Sadhna Petroleum Services
Named after the Hindu word for devotion, Sadhna Petroleum Services provides that quality to all its customers’ projects. Founded in 1993 by Krishna Ramlogan – who has nearly four decades of experience in oil drilling and management – the family owned and managed company specializes in drilling and managing exploration and production oil wells in Trinidad, Tobago and the South American countries of Suriname and British Guyana, where the company has a registered office but no current projects.
“These are devout Hindus,” COO Denise Ali explains of her father, Ramlogan, who is managing director. “He’s pretty spiritual about a lot of the things he does.” It is this level of integrity that Ali cites when characterizing the company’s culture.
“We would always be very accommodating and bend over backwards to work with our clients,” Ali maintains. “Lots of times, we do a lot of extra work we don’t even charge for. It’s not a matter of just making money – it’s a matter of building that trust and commitment to our clients, so we can have that repeat business with them.”
As an example, she cites the company’s employment and training of local workers in Suriname. “We are probably the only Trinidadian contractor in Suriname where 98 percent of our work force is Surinamese,” Ali points out. “We have taken on that challenge to train and develop people to a certain standard. It would be cheaper to just pick up Trinidad drillers here in a country where the drilling industry is so much more advanced and mature. But we went a different avenue and built the expertise in Suriname itself. So we approach our business a bit differently in that aspect.”

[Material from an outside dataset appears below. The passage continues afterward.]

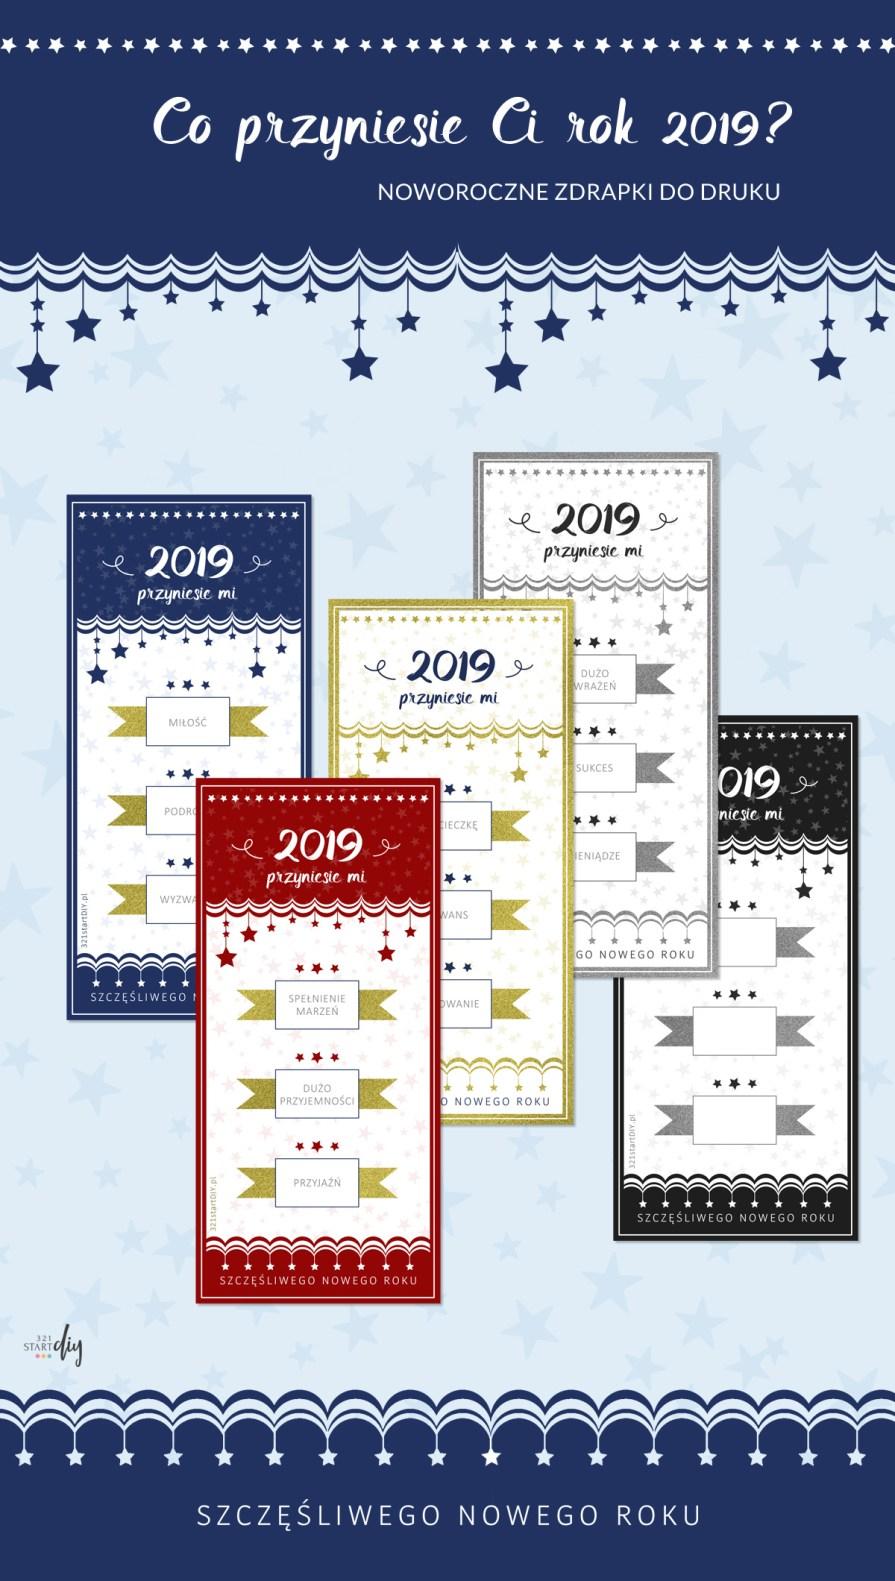 Co przyniesie Ci rok 2019 - noworoczna wróżba zdrapka do druku

Started in Client’s Office
Ramlogan started the company after decades spent drilling and managing oil wells for major oil companies such as Shell, Enron and Petrotrin, the state-owned oil company in Trinidad. “We run a simple operation,” Ali maintains. “When this company started, we didn’t even have an office – my father worked in a client’s office. We grew to the point where we now own rigs and have an actual office space and a structure. So this has been a company built from scratch. We’ve made a lot of progress from its point of inception in 1993 to this point.”
Ali, the eldest daughter, was already married and out of the house when her father set up shop in his living room. “My career has always been in the oil and gas sector – not operations and technology, but more finance and the commercial side,” she reveals.
“When he decided to make the leap and set up a formal office and really try cementing his base, I left my job at Exxon – because at that point I was the financial accountant for Exxon in Trinidad,” Ali says. She established Sadhna Petroleum’s procedures and documentation for accounting, purchasing and other business functions. Her sister, Nisha Ramlogan-Seesaran, oversees the Suriname operation, and Ali’s brother-in-law, Byron Biswah, is the company’s project manager.
Decades of Expertise
It is Ramlogan’s and his associates’ expertise that companies seek when they hire Sadhna Petroleum Services. “One of our biggest competitors is Well Services,” Ali reveals. “They actually provide rigs and drilling crews. They don’t, however, provide too much drilling management expertise. So what we tend to do is if we have a client approach us and say, ‘We want you guys to be the drilling managers for this well or campaign,’ we will then analyze what the client’s requirements are in terms of the sizing of the rig – the technical capacity of the rig that the client wants. If we don’t have that rig capacity, we would deal with Well Services. They are the primary rig suppliers in Trinidad.”
Well Services has larger and more rigs than Sadhna Petroleum Services does in its inventory. “Well Services wouldn’t deal with the other service companies, whereas we would work with the client to design the well and the slate of services required to meet the client’s specifications,” Ali explains.
Sadhna Petroleum Services is an agent for Kemtrom Technologies, which provides mud screens, packaged mud recycling units and dewatering systems, to name a few.
The company has predominantly been engaged in short-term contracts, some as short as two to three months. “We are trying to market ourselves and get ourselves into these longer-term contracts – production contracts in addition to exploration – as the production campaigns tend to be a longer timeline,” Ali says.
She sees a trend in the industry developing toward project management, which currently is approximately 75 percent of the company’s work. “People are relying more and more on scheduling and costing and professional reporting,” she observes. “So we are building our capacity in that area.”